29 April 2013

This Koforiduan Life




I took very few pictures on my trip to Koforidua. I did take a few where the people didn't know they were being taken. I love the two below - they were taken seconds apart. I thought of merging them into one to get both kittens in one picture, but decided to leave it as two.

These pictures, and what happened when they were taken is part of what Koforidua is to me.




This is my mother's uncle and we all call him Master - I actually don't know his real name. Master never got married, has no kids, and is currently the elder in our family. He's old, has really bad vision, and doesn't hear very well. He sits in this chair every afternoon, for hours, overlooking our compound.

What happened every afternoon was this: he would sit there in silence while kids play in the compound. The moment one of the kids starts to act up Master stirs and tells them to quit it, in a word or two. They would say 'sorry, Master' and go on playing. About 15-20 minutes, the process would repeat itself. I found it very funny because he would not raise his voice, but the kids would hear him clearly.

I also had no idea how he could tell that kids were acting up. Me, with much better vision and hearing didn't notice the kids acting up as quickly as he did. Maybe that's why we all call him Master.



I typically have blog posts with one theme and one story on that theme. This time though, I'm going TAL-style and will bring you a blog post with a theme and several stories on that theme.

This post's theme: Kodwo in Koforidua: Stories of my one-week visit to Koforidua.

Act I: The world is flat. What happens when Koforidua catches up with developed countries and developed countries catch up with Koforidua?

Act II: Family kneads.
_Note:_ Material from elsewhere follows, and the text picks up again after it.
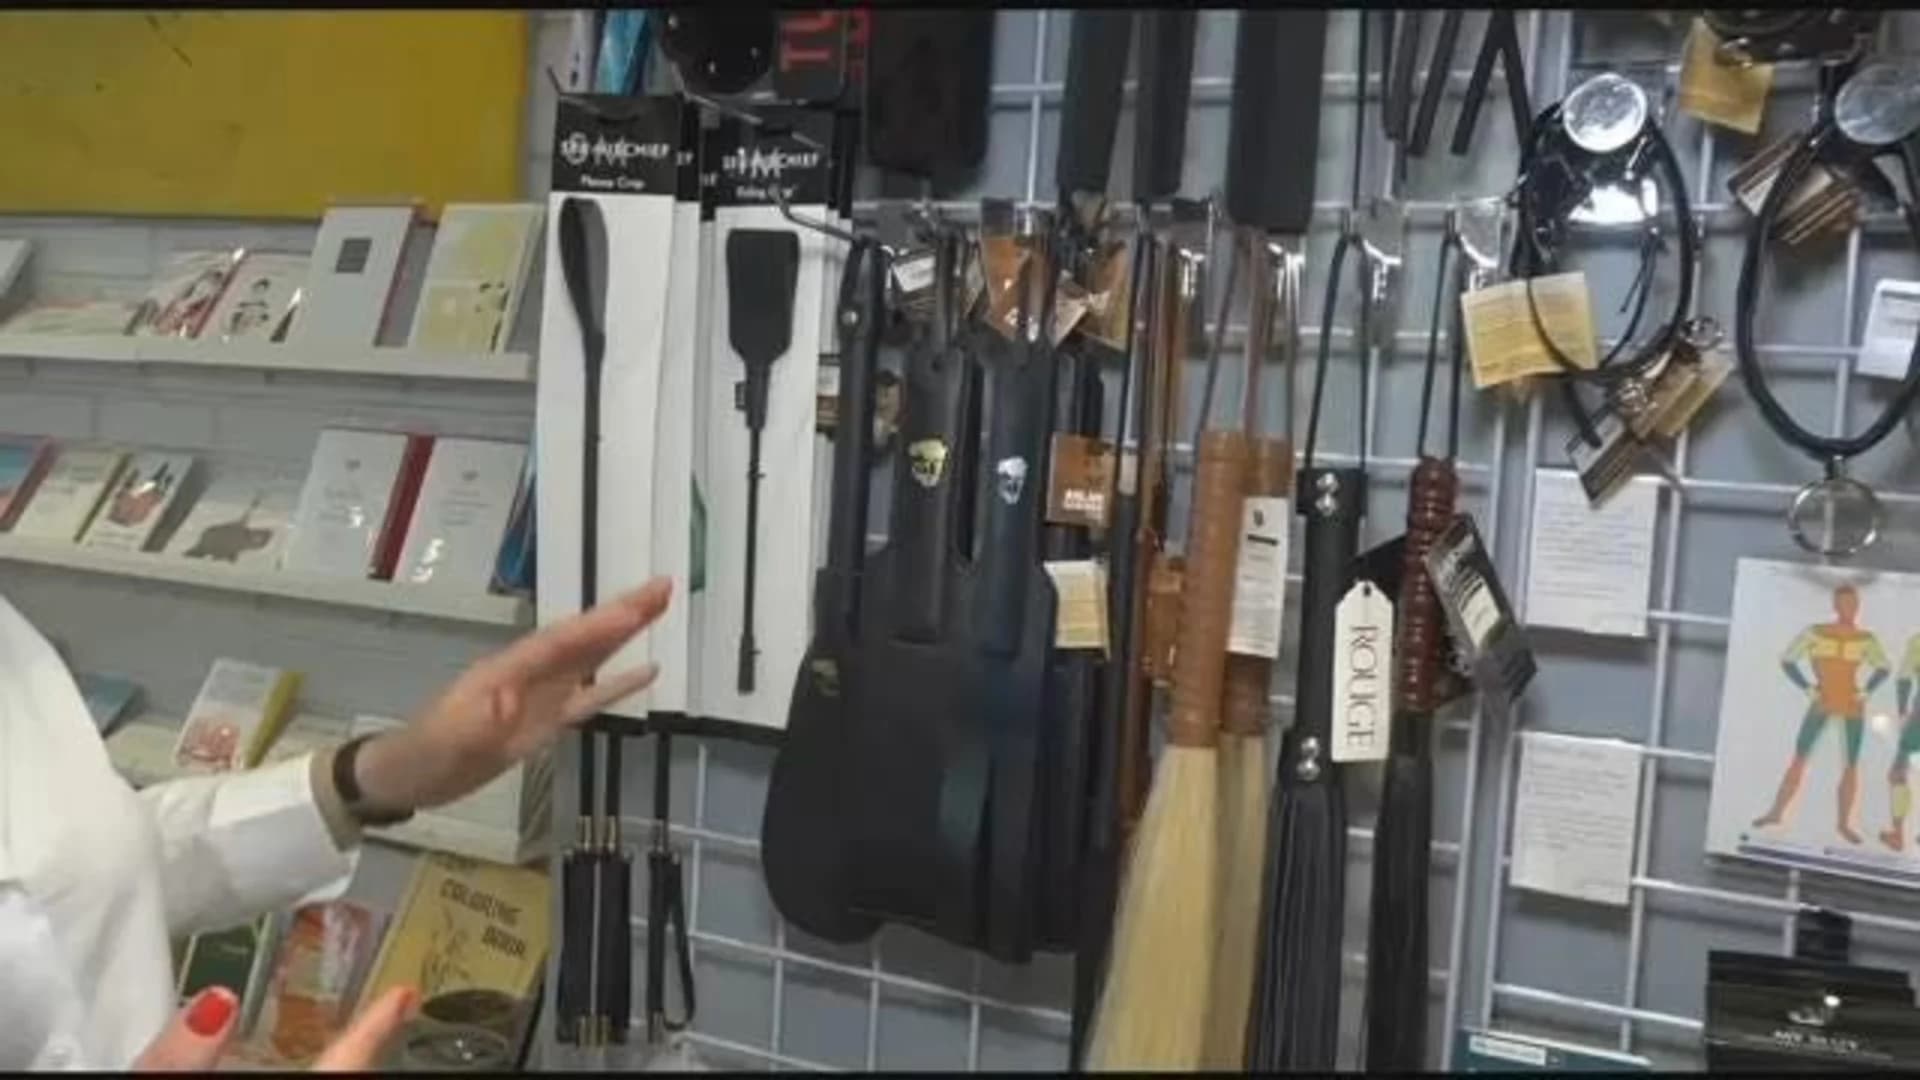 Park Slope adult shop seeks to inform and educate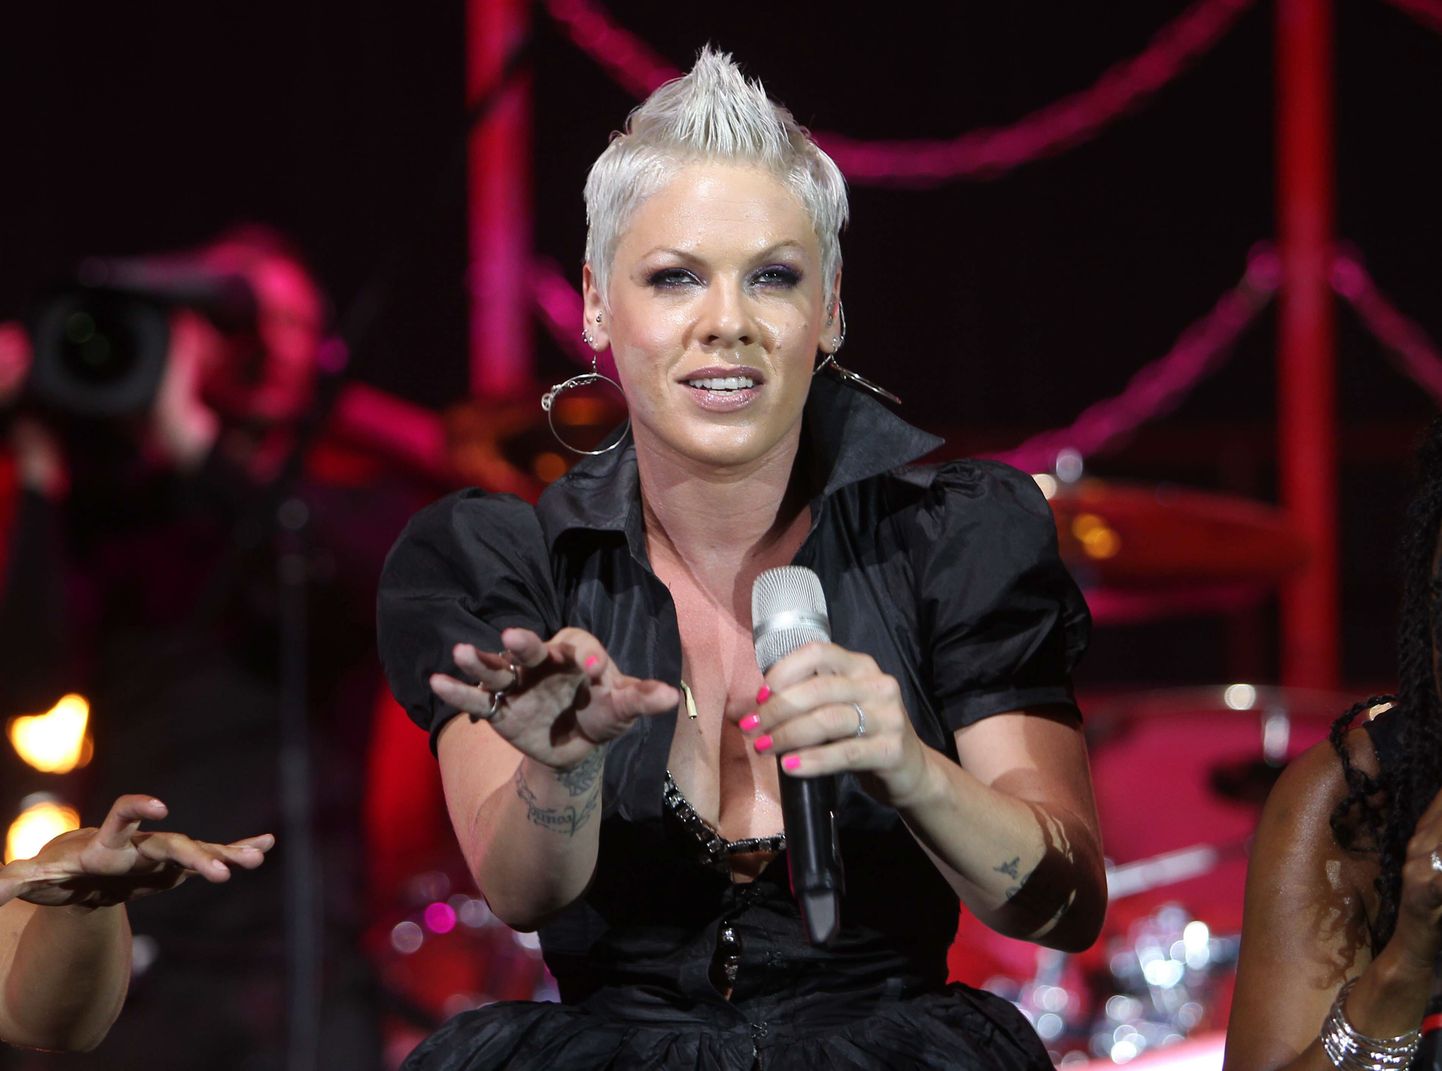 US singer Pink performs on stage on July 13, 2010 in Nice, southeastern France.  AFP PHOTO VALERY HACHE

Three generations of bakers and a funny sounding snack food come together in one evening.

Act III: Us, your family. How do you answer the question of where you want to be buried when it's asked by a complete stranger?

Act IV: A new cultural experience. 500 guys packed into a hot room can only mean one thing on a Koforidua weeknight. You'll find out what.


Act I - The world is flat

That was my welcome to Ghana

I own The World Is Flat, but I've never read it. I've tried starting it twice but being that it talks about Indian call centers and supply chain systems as new ideas, it just feels dated to me. Anyone who has studied business in some capacity in the past ten years knows this already and is not being told anything new.

I thought about world-flattening a lot on my trip to Koforidua. I've seen how much Ghana has caught up with 'the west' (I hate that phrase) and how much 'the west' has caught up with Ghana.

Growing up, my mother didn't like telling her family in Ghana that she was coming - everyone would want stuff. We would use our full baggage allotment to pack in soap and toothpaste, cake mixes and syrup, old clothing and shoes we didn't want. We were like a traveling charity shop. Keeping that in mind, my sister Affie, told almost no one that I was coming.

As my flight was descending into Accra that Saturday night I was thinking to myself 'man, Accra is so big and look at all the lights'. Just after that thought, about 1/3 of the city's lights went out. That was my welcome to Ghana.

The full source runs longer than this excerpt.